US documents systematic violence against Rohingya
UNITED NATIONS: The United States said it had found evidence of systematic violence by Myanmar's military against the Rohingya minority, including widespread killings and rape.
The State Department released the report just as the United States announced $185 million in new funding for Rohingya refugees during a meeting at the United Nations on Myanmar.
The State Department study, based on interviews in April with 1,024 Rohingya adults who have taken refuge in neighbouring Bangladesh, provided accounts consistent with reports from human rights groups but kept largely to dispassionate descriptions of events. The report notably avoided using the terms genocide or ethnic cleansing to describe the mass killings of the Rohingya, a mostly Muslim group concentrated in Rakhine state that is despised by many in Buddhist-majority Myanmar and who are not considered citizens.

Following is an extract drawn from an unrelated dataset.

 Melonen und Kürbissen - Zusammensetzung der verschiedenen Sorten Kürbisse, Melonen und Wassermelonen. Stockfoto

"The survey reveals that the recent violence in northern Rakhine State was extreme, large-scale, widespread and seemingly geared toward both terrorizing the population and driving out the Rohingya residents," said the report by the State Department´s Bureau of Intelligence and Research. "The scope and scale of the military´s operations indicate they were well-planned and coordinated," it said. "In some areas, perpetrators used tactics that resulted in mass casualties, for example locking people in houses to burn them, fencing off entire villages before shooting into the crowd or sinking boats full of hundreds of fleeing Rohingya."
The report said that 82 percent of the interviewed refugees personally witnessed killings, with 51 percent also reporting sexual violence. The State Department said that witnesses hailing from multiple villages reported similar rapes, in which military men would force all the women to leave their homes.

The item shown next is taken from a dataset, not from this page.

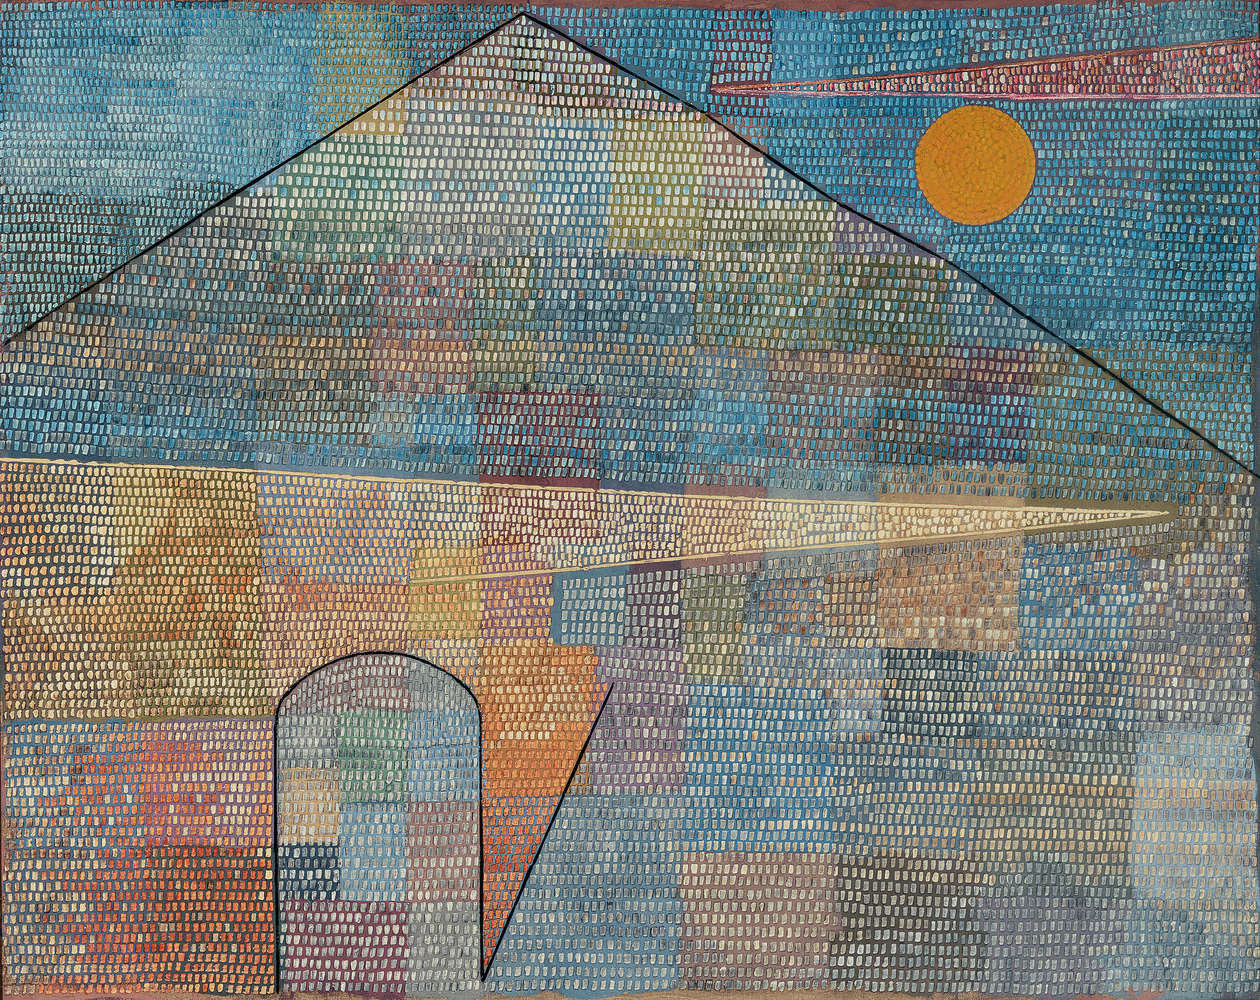             Ad Parnassum" muurschildering van Paul Klee

"They would then choose a smaller number of women -- often four or five, but some refugees reported up to 20 -- whom as many 15 soldiers would then take to fields, forests, houses, schools, mosques or latrines to gang rape," it said.
"Many victims were reportedly killed afterwards, though not in all cases," it said, adding that soldiers in some cases would go door to door to find the "´prettiest´ girls" to gang-rape. In an overwhelming 88 percent of cases, the witnesses said that the military was behind atrocities. Few said they saw attacks against them by the Arakan Rohingya Salvation Army (ARSA), the Islamic militant group whose assaults on military posts in October 2016 triggered the crackdown.
The violence in Myanmar, formerly known as Burma, was unleashed soon after the country transitioned to democracy, undermining what Western governments had hailed as a triumph of engagement.
The campaign against the Rohingya has especially tarnished the international reputation of Aung San Suu Kyi, the long-detained democracy advocate and Nobel laureate who has been reticent in addressing the violence. More than 700,000 Rohingya have taken refuge in Bangladesh, fearful of returning to Myanmar despite a repatriation deal between the two countries.